Assuming that the input data is a matrix of X_n×p, where n is the number of samples and p is the indicator variable, the main steps of the Improved Principal Component Analysis (IPCA for short) are as follows:

Set the data matrix: (2) $X_{n \times p} = [\begin{matrix} x_{11} & x_{12} & \dots & x_{1 p} \\ x_{21} & x_{22} & \dots & x_{2 p} \\ ⋮ & ⋮ & \dots & ⋮ \\ x_{n 1} & x_{n 2} & \dots & x_{n p} \end{matrix}]$

where x_ij is the j rd value of the i nd sample and i = 1, ⋯ n, j = 1, ⋯ p. 1)

Min-Max normalisation of the X_n×p matrix yields Y_n×p (3) $Y_{n \times p} = [\begin{matrix} y_{11} & y_{12} & \dots & y_{1 p} \\ y_{21} & y_{22} & \dots & y_{2 p} \\ ⋮ & ⋮ & \dots & ⋮ \\ y_{n 1} & y_{n 2} & \dots & y_{n p} \end{matrix}]$

where y_ij = (x_ij − min x_j)/(max x_j − min x_j), i = 1, 2, ⋯n, j = 1, 2, ⋯p 2)

Correlation coefficient matrix R (4) $r_{i j} = \frac{\sum_{k = 1}^{n} (y_{k i} - \bar{y_{i}}) (y_{k j} - \bar{y_{j}})}{\sqrt{\sum_{k = 1}^{n} {(y_{k i} - \bar{y_{i}})}^{2} \sum_{k = 1}^{n} {(y_{k j} - \bar{y_{j}})}^{2}}}$

(5)

R = [\begin{matrix} r_{11} & r_{12} & \dots & r_{1 p} \\ r_{21} & r_{22} & \dots & r_{2 p} \\ ⋮ & ⋮ & \dots & ⋮ \\ r_{n 1} & r_{n 2} & \dots & r_{n p} \end{matrix}]

The eigenvalues of matrix R were calculated and the m eigenvalues λ_i of matrix R were arranged in descending order. 3)

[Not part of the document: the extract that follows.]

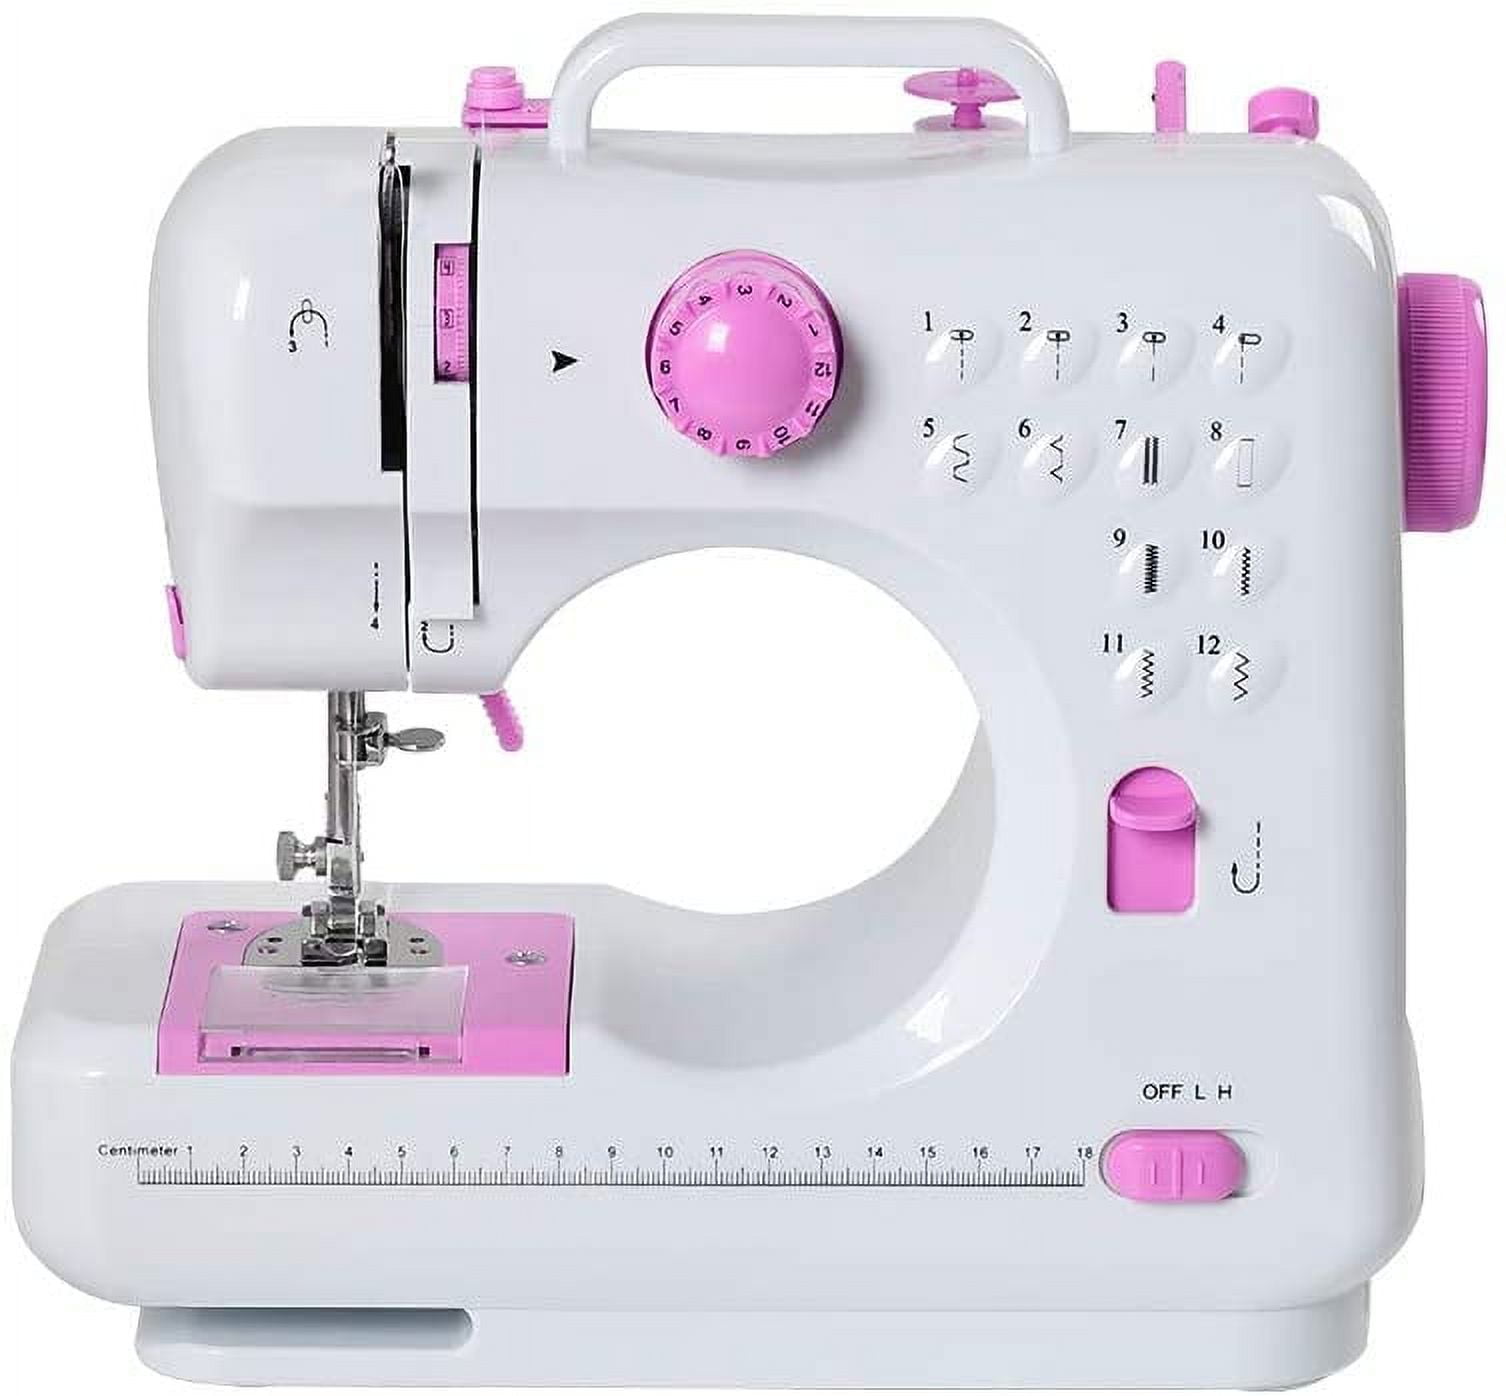 Viferr Electric Sewing Machine Crafting Speed Crafting Mending Machine Portable Mini with 12 Built-In Stitches, 2 Speeds Double Thread, Embroidery
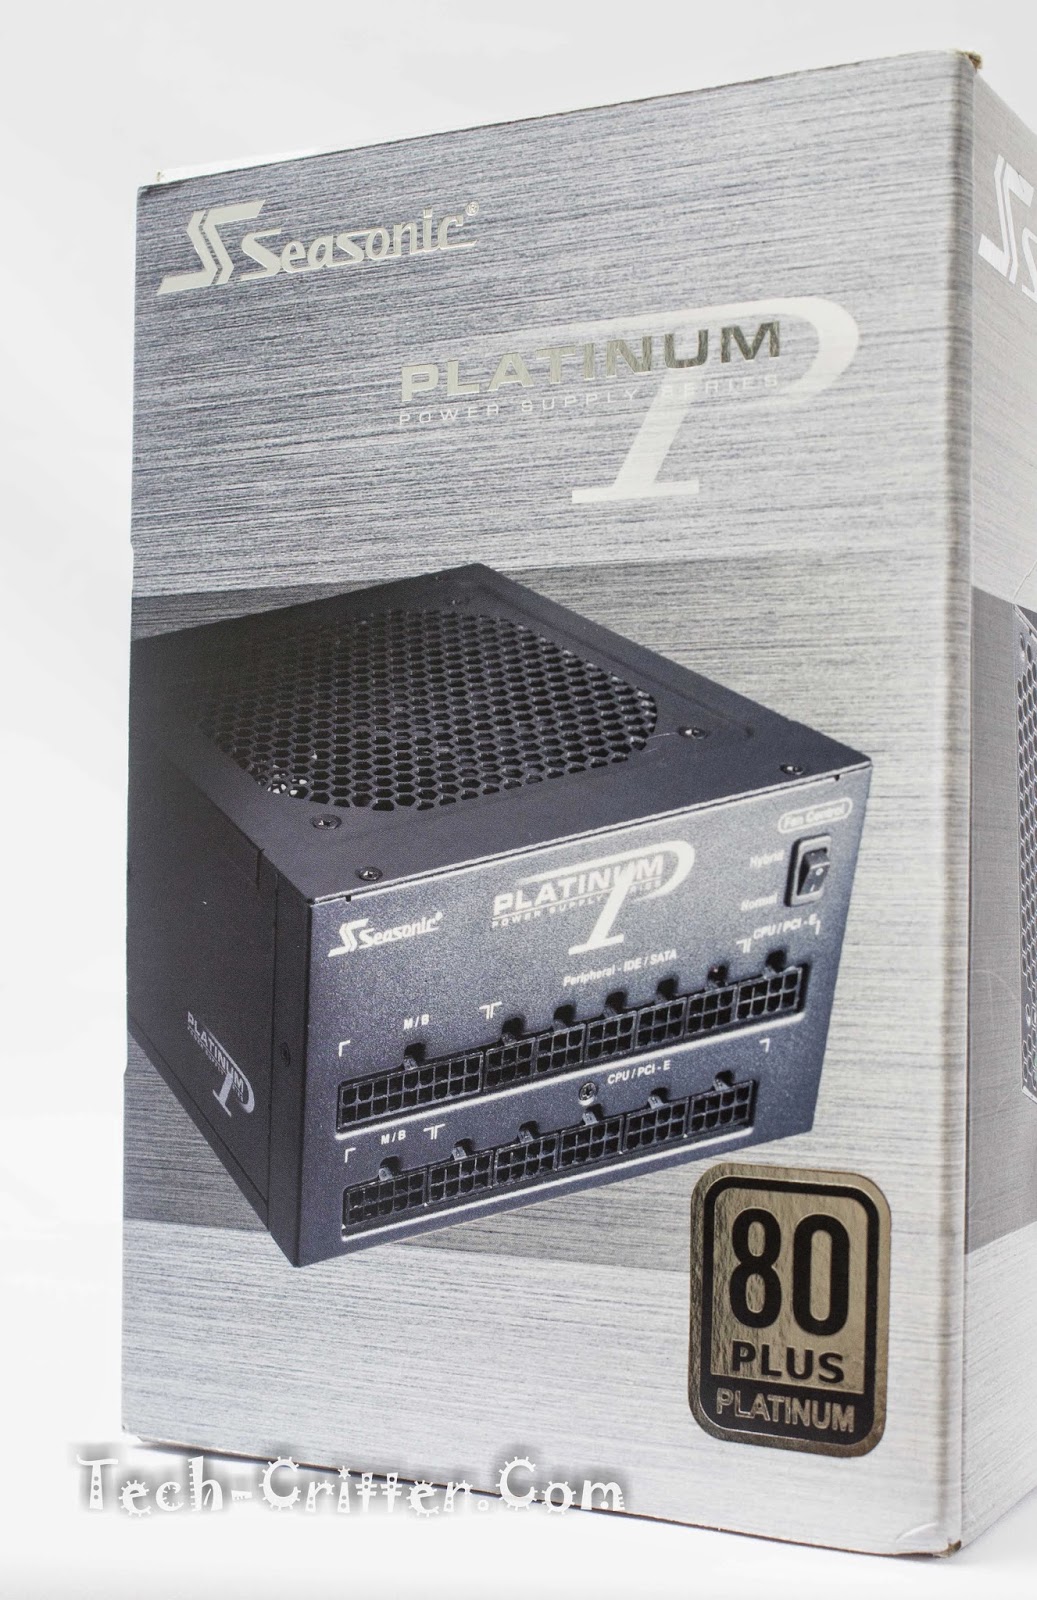 Unboxing & Overview: Seasonic Platinum Series 860W Power Supply Unit 50

Cumulative contribution of principal components (6) $φ_{k} = \frac{λ_{i}}{\sum_{k = 1}^{p} λ_{k}}, i = 1, 2 \dots p$ (7) $ϕ_{p} = \frac{\sum_{k = 1}^{i} λ_{k}}{\sum_{k = 1}^{p} λ_{k}}, i = 1, 2 \dots p$

Generally, the eigenvalues with a cumulative contribution rate of 85% or more are taken, and λ₁, λ₂, ⋯ λ_m(m ≤ p) is the eigenvalue corresponding to the corresponding m principal components. 4)

Principal component loading (8) $l_{i j} = p (z_{i}, x_{j}) = \sqrt{λ_{i}} e_{i j} (i, j = 1, 2 \dots p)$

where e_ij denotes the j rd component of vector e_i. 5)

The score of each principal component (9) $Z = [\begin{matrix} z_{11} & z_{12} & \dots & z_{1 m} \\ z_{21} & z_{22} & \dots & z_{2 m} \\ ⋮ & ⋮ & ⋮ & ⋮ \\ z_{n 1} & z_{n 2} & \dots & z_{n m} \end{matrix}]$

Principal component analysis was performed on the feature matrix, resulting in a final matrix of 2347 × 3.

2.1.3

Kernel principal component analysis

The principal component analysis discussed above is the main method of data dimensionality reduction in the academic world, although this method can solve part of the “data disaster”, but at the same time, we should pay attention to the problem that there is a nonlinear relationship between the various indicators of the fundamentals selected for this study in addition to the linear relationship, which requires a nonlinear method of dimensionality reduction –KPCA (Kernel Principal Component Analysis) method, we can regard it as a natural extension of the general principal component analysis, the specific principle of the method is to map the nonlinearly differentiable variables to the high-dimensional feature space through the transformation of the kernel function [29]. The specific procedure of kernel principal component analysis is as follows: 1)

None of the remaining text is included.